Por Mayara de Carvalho / Redação

16 de fevereiro de 2021

Na sessão realizada ontem, a volta às aulas presenciais nas escolas da rede pública, bem como a vacinação dos professores, foram discutidos na tribuna. / Foto: Divulgação

PASSOS – Na terceira sessão ordinária da Câmara de Passos, realizada ontem, a volta às aulas presenciais nas escolas da rede pública, bem como a vacinação dos professores, foram discutidos na tribuna. Os parlamentares também trataram de tratamento de esgoto no município e sobre a recuperação do Ribeirão Bocaina, responsável pelo abastecimento de 60% de água na cidade.

O primeiro a usar a tribuna foi o vereador Maurício Antônio da Silva.
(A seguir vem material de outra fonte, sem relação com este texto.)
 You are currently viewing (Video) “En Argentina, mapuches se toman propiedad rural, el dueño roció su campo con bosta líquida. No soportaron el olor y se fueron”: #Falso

Segundo o parlamentar, os prejuízos que os alunos têm sofrido por meio do ensino remoto são enormes.

A rede de ensino particular já tem um plano para voltar às aulas presenciais para este mês. O ensino público não tem essa condição”, contou.

De acordo com Silva, escolas ficaram fechadas na última gestão e mesmo com R$2 milhões em caixa, nenhuma adaptação foi realizada no sentido de receber os alunos em um momento de pandemia.
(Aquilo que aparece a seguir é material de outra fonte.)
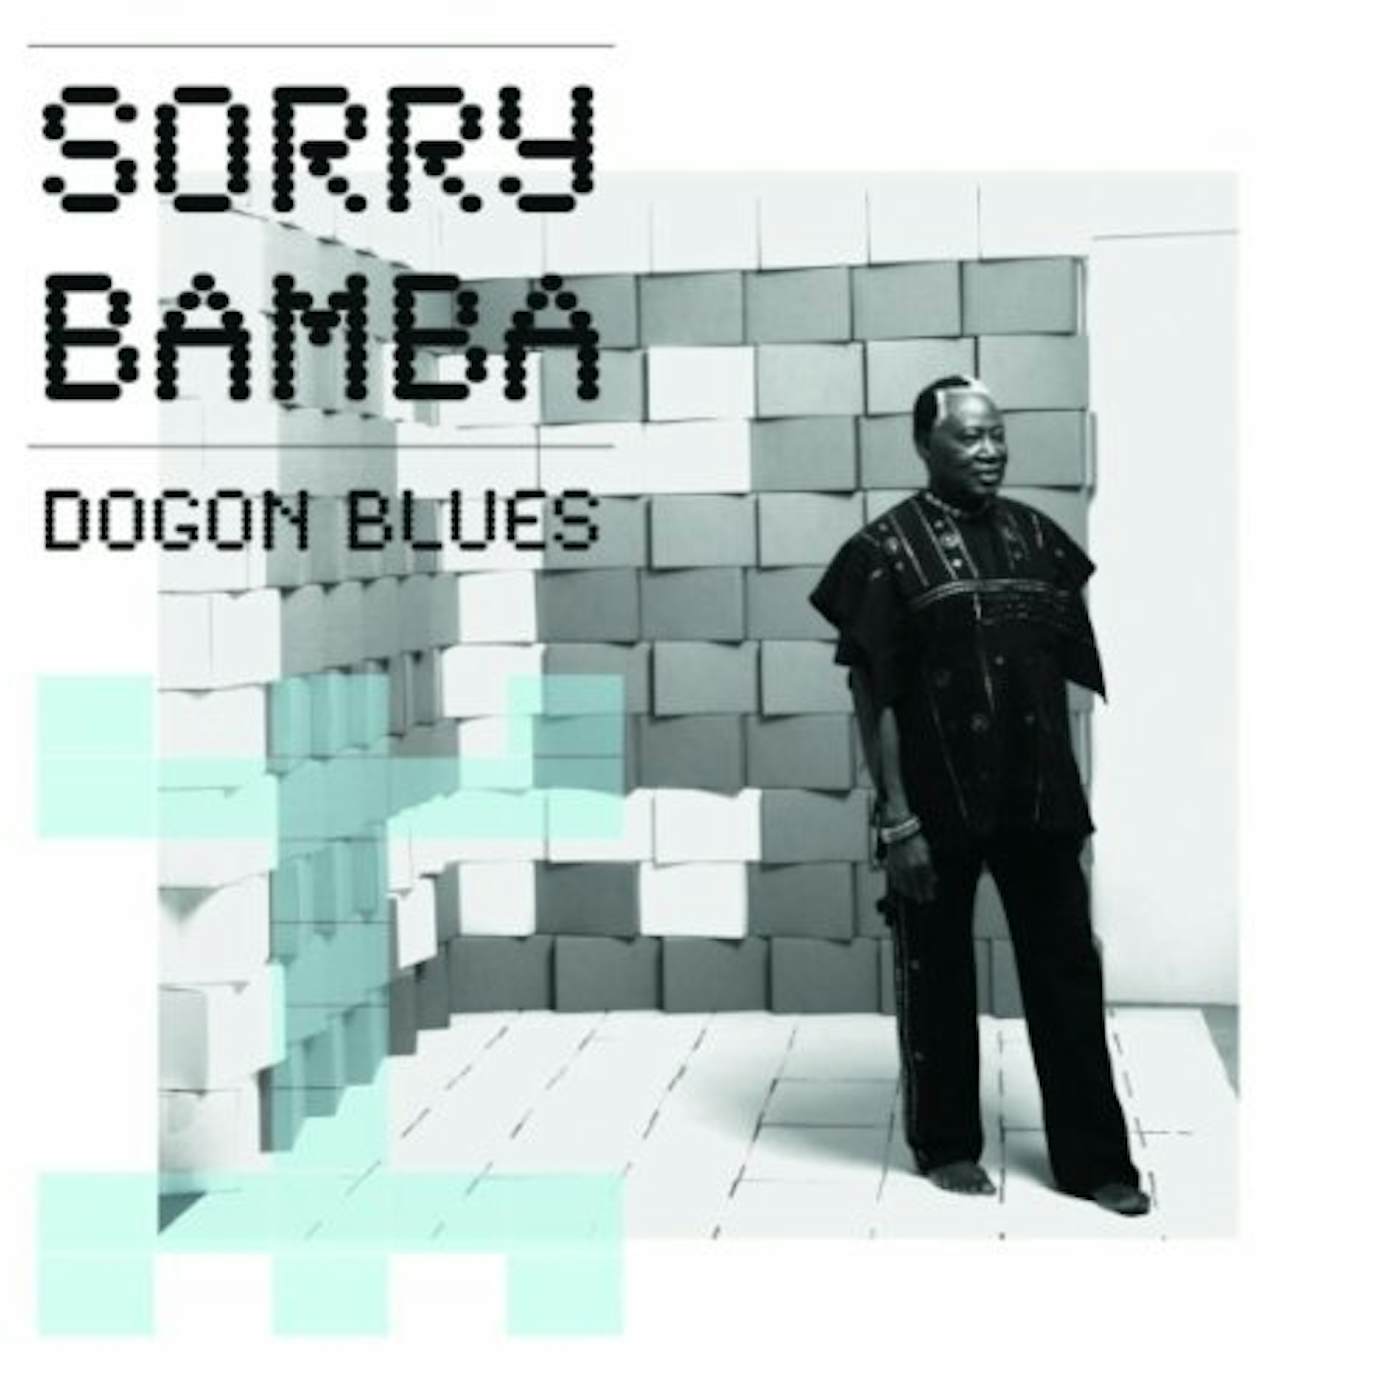 Sorry Bamba DOGON BLUES CD

O vereador também discutiu a questão do tratamento de água e esgoto da cidade. “Temos 75% do nosso esgoto tratado. Os outros 25% não têm tratamento. Temos exemplo ali no bairro São Benedito e Bela Vista onde o esgoto é jogado no nosso Córrego São Domingos”, disse.

Estive com o diretor do Serviço de Autônomo de Água e Esgoto (Saae) e ele me informou que o custo para isso seria por volta de R$15 milhões. Outra preocupação é em relação ao tratamento de água. Temos dois locais que fazem nosso abastecimento, que são o Ribeirão Bocaina, o qual atende 60% do fornecimento da cidade, e o do Porto do Glória, que atende 40%”, disse.

Segundo ele, o problema poderia ser minimizado se fossem interligados.

Então temos falta de água no Bocaina e essa falta de água vai cada vez aumentar mais, isso porque a vazão de água do ribeirão está diminuindo. Então, quando falta água, falta para 60% da população. Nós temos que interligar esse sistema, isso é necessário. O custo disso aproximado é de R$8 milhões de reais”, disse.

O vereador Edmilson Amparado também usou a tribuna para falar sobre a necessidade de um ambulatório específico para diabéticos em Passos. Segundo ele, 25% da população da cidade, aproximadamente, poderia ser beneficiada.

Temos 12 mil diabéticos e 14 mil pré diabéticos. Falamos com o Executivo e, daqui seis meses, voltaremos nesse assunto para implantação do ambulatório”, disse.

Sobre a volta das aulas presenciais, Amparado afirma que é preciso uma discussão sobre o tema.

Os professores não foram vacinados. Os motoristas de van que vão fazer o transporte das crianças também não foram vacinados. Aí vamos fazer toda uma corrente que transita dentro da escola, serviçais, merendeiras e por aí afora”, falou.

Amparado também discutiu sobre a captação de água e em Passos. O parlamentar também falou sobre os problemas da falta de tratamento de esgoto na cidade e citou o bairro Aclimação.

Ali, vira e mexe estoura esgoto que desce diretamente para captação de água, que fica 200 metros abaixo de onde o problema ocorre. É preciso cobrar o Saae, que não nos cobra barato pelo serviço prestado, não. Nossa conta de água e esgoto não é tão barata quanto se fala. É preciso investir no manancial que sustenta o Saae, que é o Ribeirão Bocaina. Não adianta nada fazer obras faraônicas e depois não ter água para encher essas obras”, finalizou.

O vereador Luiz Carlos do Souto Júnior também usou a tribuna e relatou a preocupação por parte dos professores na questão da volta às aulas presenciais.

Estava conversando com uma professora de Cemei, que atende de 0 a 3 anos, onde as professoras me diziam que não poderiam voltar porque essas crianças requerem colo, então há um contato maior entre a profissional e a cuidadora que estão diretamente voltadas ao atendimento a essas crianças”, disse.